BRICK Act (H.R. 1917)
In 2003, the Environmental Protection Agency (EPA) required brick makers to install expensive new equipment based upon the agency’s Maximum Achievable Control Technology (MACT) rule. In 2007, after companies spent millions of dollars implementing these controls, the U.S. Court of Appeals for the D.C. Circuit vacated the rule. In 2015, the EPA again finalized a new rule requiring the industries to once again invest in similar control equipment technologies. In response to this and to ensure that history did not repeat itself, Rep. Bill Johnson (R-OH) introduced H.R. 1917, the Blocking Regulatory Interference from Closing Kilns Act or BRICK Act on April 5, 2017.

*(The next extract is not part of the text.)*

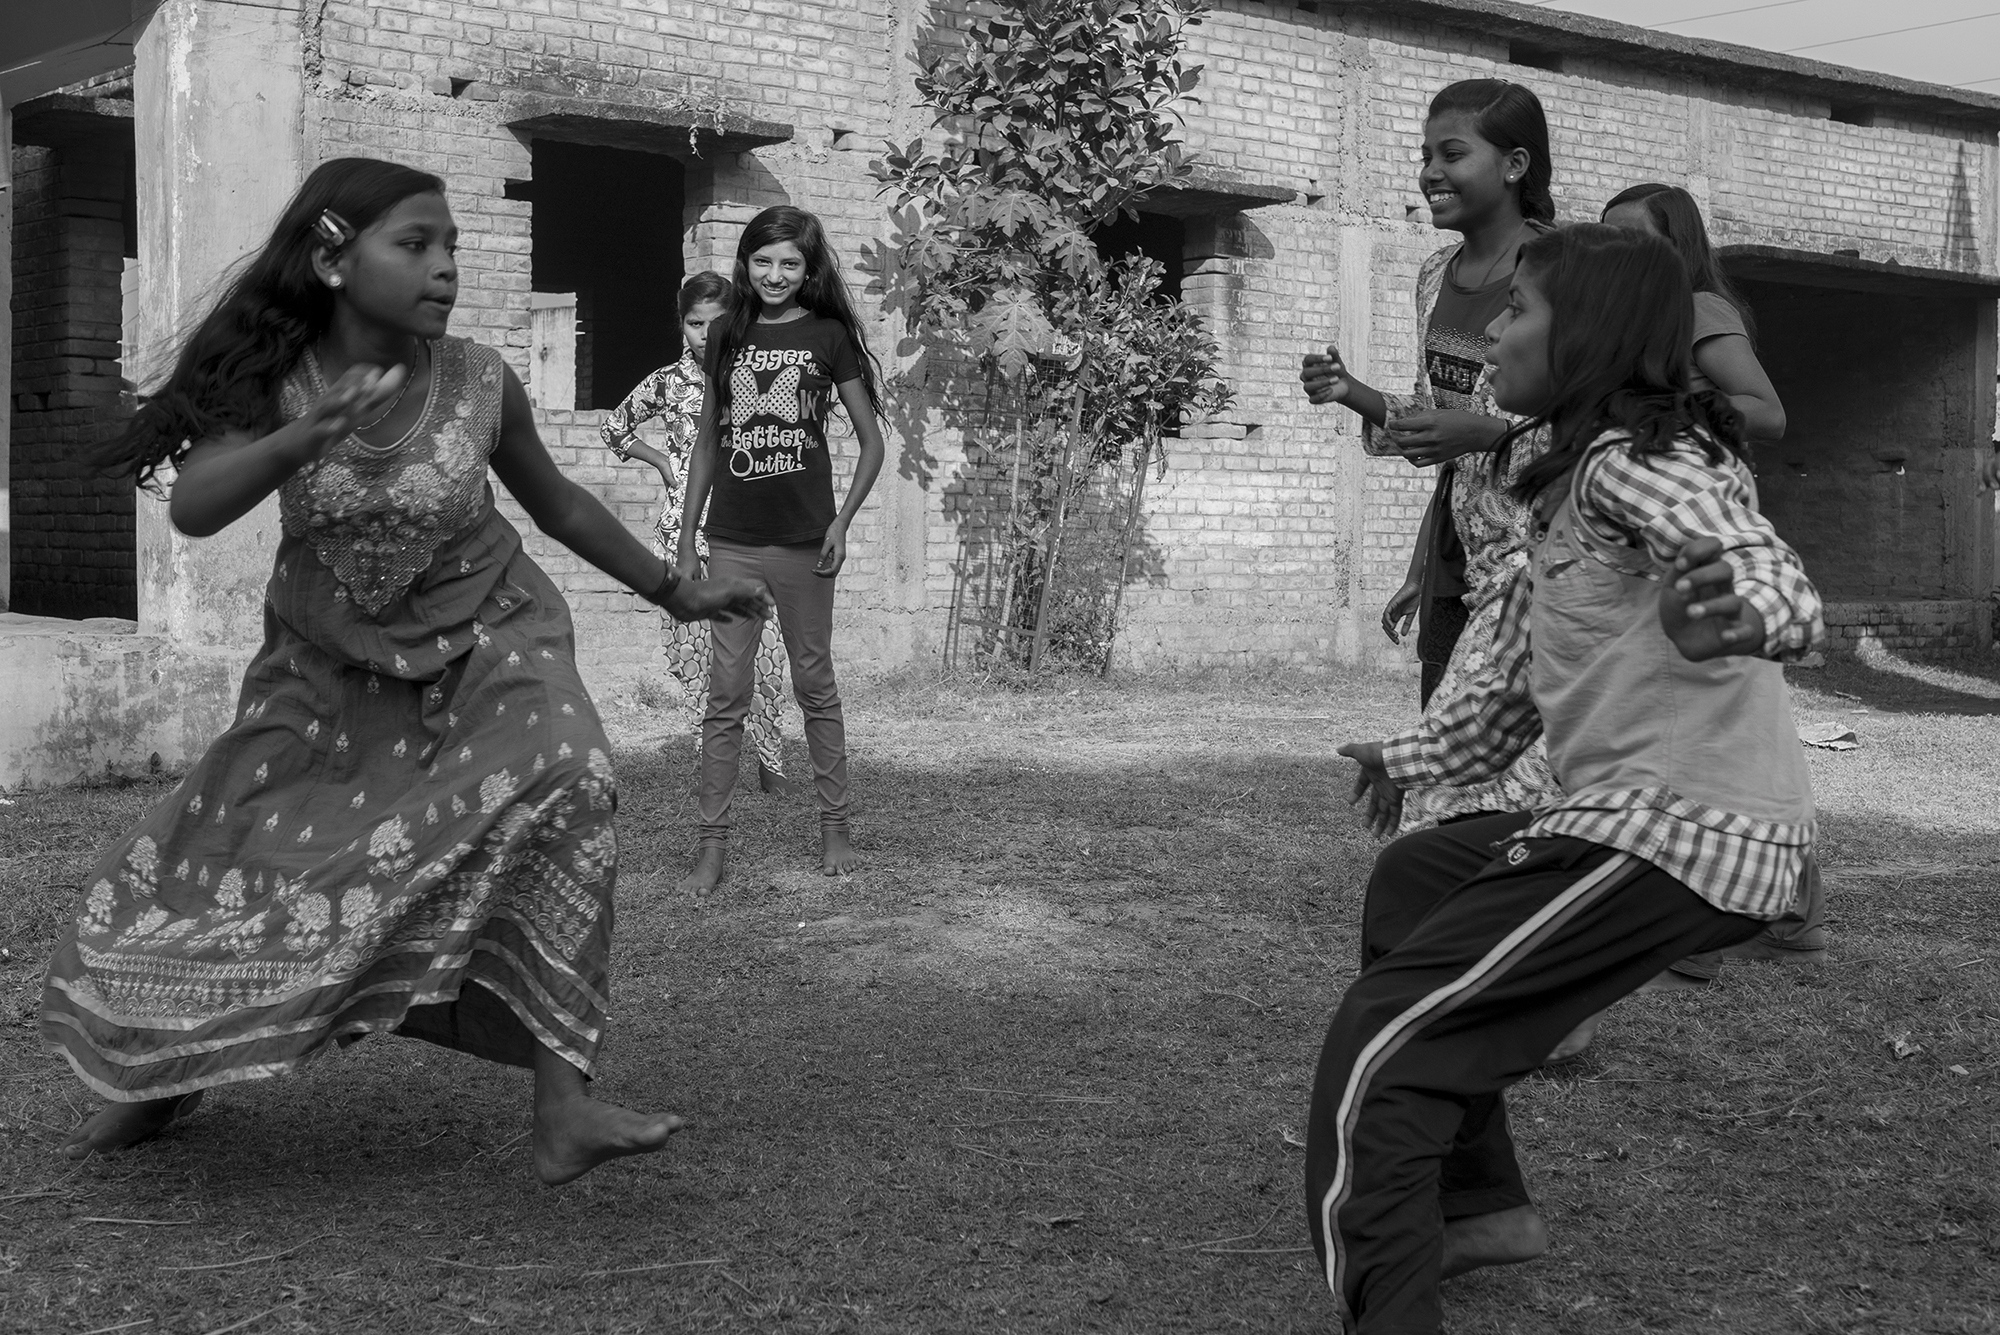 The Boarding School Saves Young Girls from Intergenerational Prostitution - Bihar, India -  "Girls at play during weekends inside the school...

Among other things, the bill would prohibit the Environmental Protection Agency (EPA) from requiring compliance with Clean Air Act rules concerning national emission standards for hazardous air pollutants with respect to brick and structural clay products manufacturing or clay ceramics manufacturing until judicial reviews of the rules are complete. This would ensure that companies are not required to invest millions of dollars in compliance costs before courts rule if the new regulation is economically and technologically feasible. Our suppliers and nation’s bricklayers need certainty to plan their business plans and having to needlessly spend millions of dollars twice in the past decade for no benefit makes absolutely no sense.
H.R. 1917 passed the House of Representatives by a bipartisan vote of 234-180-1 on March 7, 2018 and we are asking for support of the bill (or its Senate companion S. 2461) in the Senate. Delay on passing this bill out of the Senate and getting it to the President to sign it into law would be extremely costly and potentially the death knell to many brick makers throughout the country.